Researchers at Waseda University in Japan have for the first time directly observed the "molecular motor", called Xkid, that plays a critical role in facilitating the proper alignment of chromosomes during cell division. Their findings are expected to contribute greatly to elucidating the molecular mechanisms of chromosome segregation, a key aspect of the development of certain medical disorders including cancer and birth defects.
A human being begins as a single fertilized egg cell, which keeps dividing to form muscles, internal organs, the brain and other structures. At every step of cell division, chromosomes – the source of all genetic information – must be precisely segregated without any misplacement between two daughter cells. Otherwise, their incorrect segregation can cause a variety of medical disorders.
Within each cell, Xkid molecules are located inside the spindle apparatus, a structure required for cell division that's composed of a bundle of microtubules. Determining the movements of Xkid in natural spindles is considered the key to understanding the mechanisms of chromosomal segregation during cell division.
In a recent study published in the online journal Scientific Reports, Jun Takagi and colleagues at Waseda University reported the first molecular-level demonstration of how Xkid directs chromosomes toward the centre of the spindle apparatus. The study showed that Xkid molecules travelled along spindle microtubules, while the distribution of spindle microtubule polarity was optimal for Xkid-facilitated chromosome transport. This study provides invaluable knowledge in exploring the mechanisms of materials transport in biological systems.
While a human body is composed of many different parts such as muscles, internal organs, and a brain, its origin is only a single cell, a fertilized egg, which keeps dividing to form the human being. At every step of the cell division, chromosomes must be precisely segregated without any kind of misplacement between two daughter cells. Chromosomes are the source of all genetic information, and incorrect chromosome segregation can cause various forms of medical disorders including severe illnesses and malignant transformation of tumors.
The Xkid molecular motor is known to play a critical role in facilitating the proper alignment of chromosomes during cell division. Previously, its motor functions have been investigated in vitro using purified Xkid molecules obtained from cell extracts, showing their plus end-directed movement as ensembles of molecules along the microtubules. How such molecular motors behave within intact spindles, however, remained to be characterized. In a cell, Xkid molecules are located within the spindle apparatus, a structure required for cell division. The spindle apparatus is an orderly structure composed of a bundle of numerous microtubules. Elucidating Xkid movements in natural spindles is the key to understanding the mechanisms of chromosome segregation during cell division.
Accordingly, the present study set out to examine the movements of Xkid within an intact spindle.
Techniques developed during the study
Spindles vary in size depending on the cell type. Those used in our study were self-organized spindles in Xenopus egg extracts, and they were relatively large, at 30 to 50 µm in length. This means that it is optically difficult to detect movements of fluorescence-labeled single molecular or ensembles of Xkid within a spindle under microscope. To overcome this, we used strongly fluorescent nanoparticles called quantum dots. By binding quantum dots to Xkid, we were able to determine the tracks of Xkid movements within such large spindles using fluorescence microscopy. Xkid molecules bound to quantum dots were located on chromosomes (DNA) as well as on microtubules (left; indicated by yellow arrows). Xkid present on microtubules traveled along the spindle pole-to-pole axis at 120 to 140 nm/sec (right). The scale bars for the horizontal and vertical axes indicate 10 µm and 100 sec, respectively.
Results and conclusions drawn from the study
We found that Xkid traveled long distances (mean ≈5 µm; maximum 17 µm) along the oriented bundle of microtubules, moving from one microtubule to another along the way. We also observed Xkid moving mostly in the direction corresponding to the distribution of microtubule polarity, leading to the accumulation of Xkid near the spindle equator. This is consistent with the assembly and alignment of chromosomes near the spindle equator in metaphase. Our findings are the first molecular-level demonstration of the role of Xkid in directing chromosomes toward the spindle equator.

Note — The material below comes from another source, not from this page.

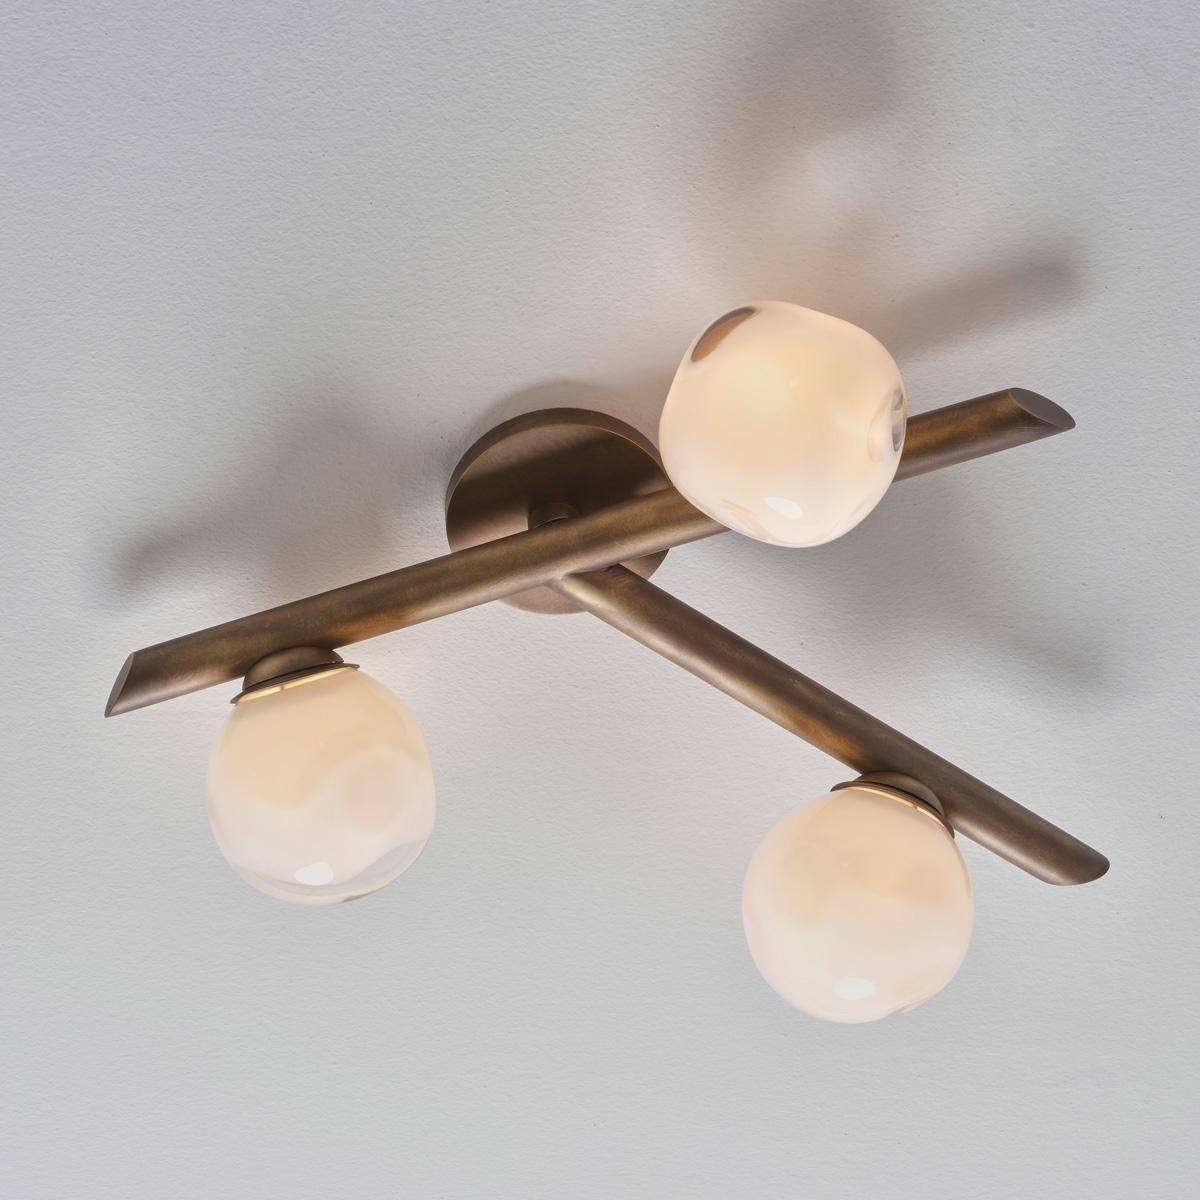 Italian Antares Wall Light by Gaspare Asaro- Satin Brass Finish For Sale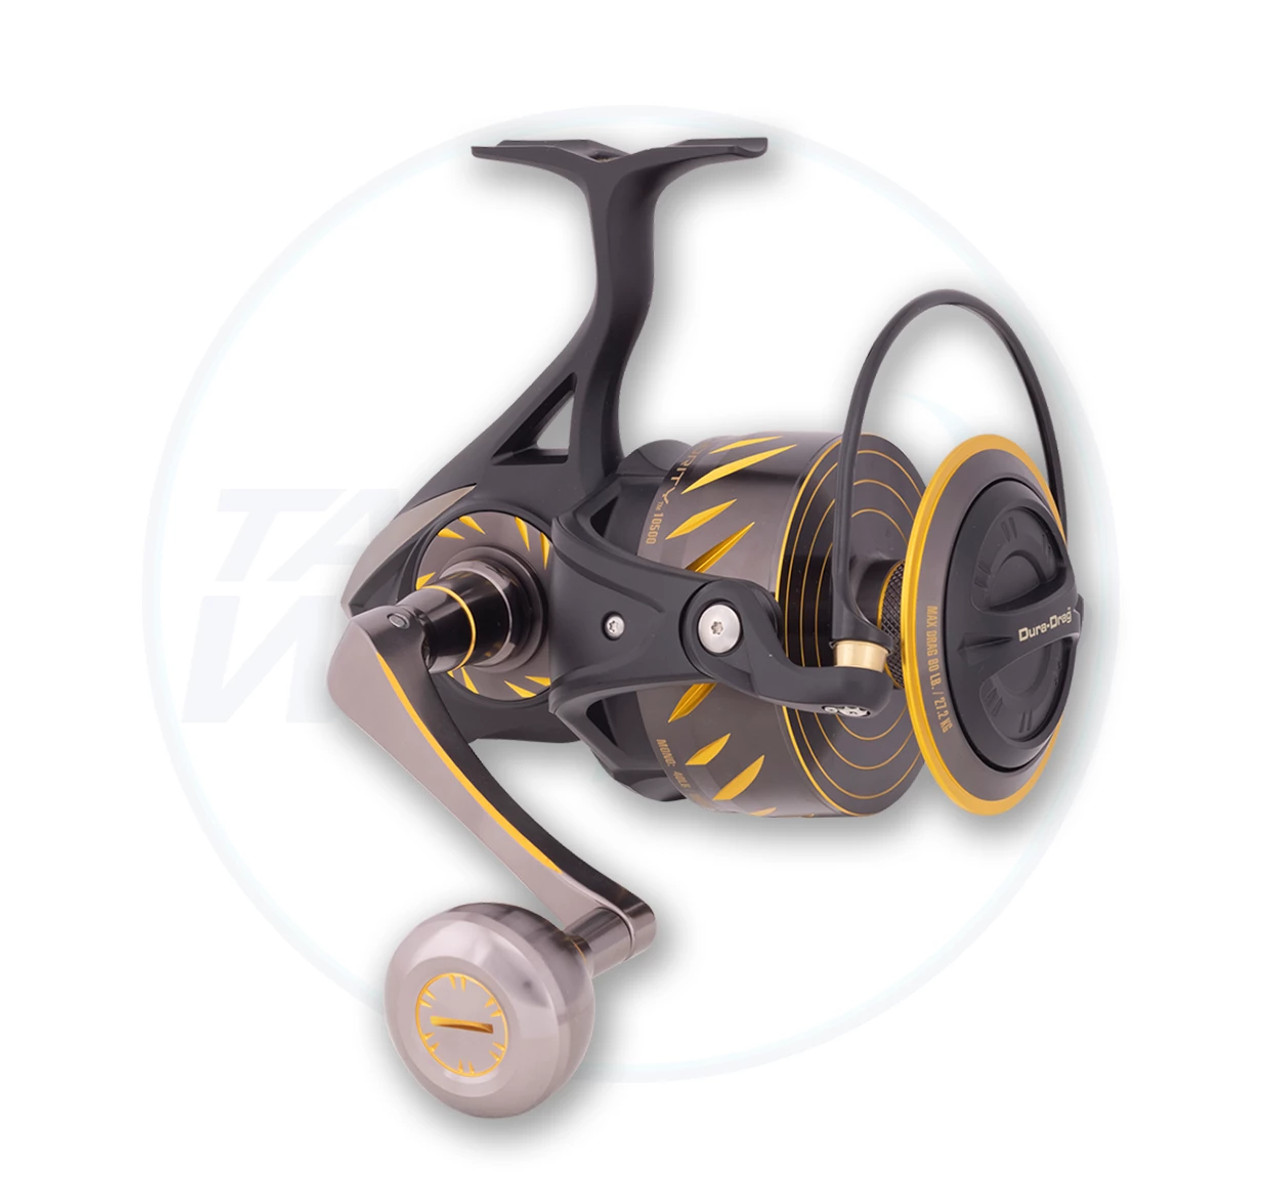 https://cdn11.bigcommerce.com/s-jmjroyqsgc/images/stencil/1280x1280/products/6148/21259/penn_authority_spinning_reel_-_product_image__66221.1673398984.jpg?c=2

Near the spindle poles, more Xkid molecules moved in the equator mode (toward the spindle equator), whereas near the spindle equator, all modes of motion were seen equally frequently (A). The distributions of polarity and length of microtubules were symmetrical with respect to the spindle equator, and corresponded with the predominant direction of Xkid movements (B). The size of the circles representing Xkid-Qdot (quantum dot) indicates the proportion of direction of movement in each location within the spindle.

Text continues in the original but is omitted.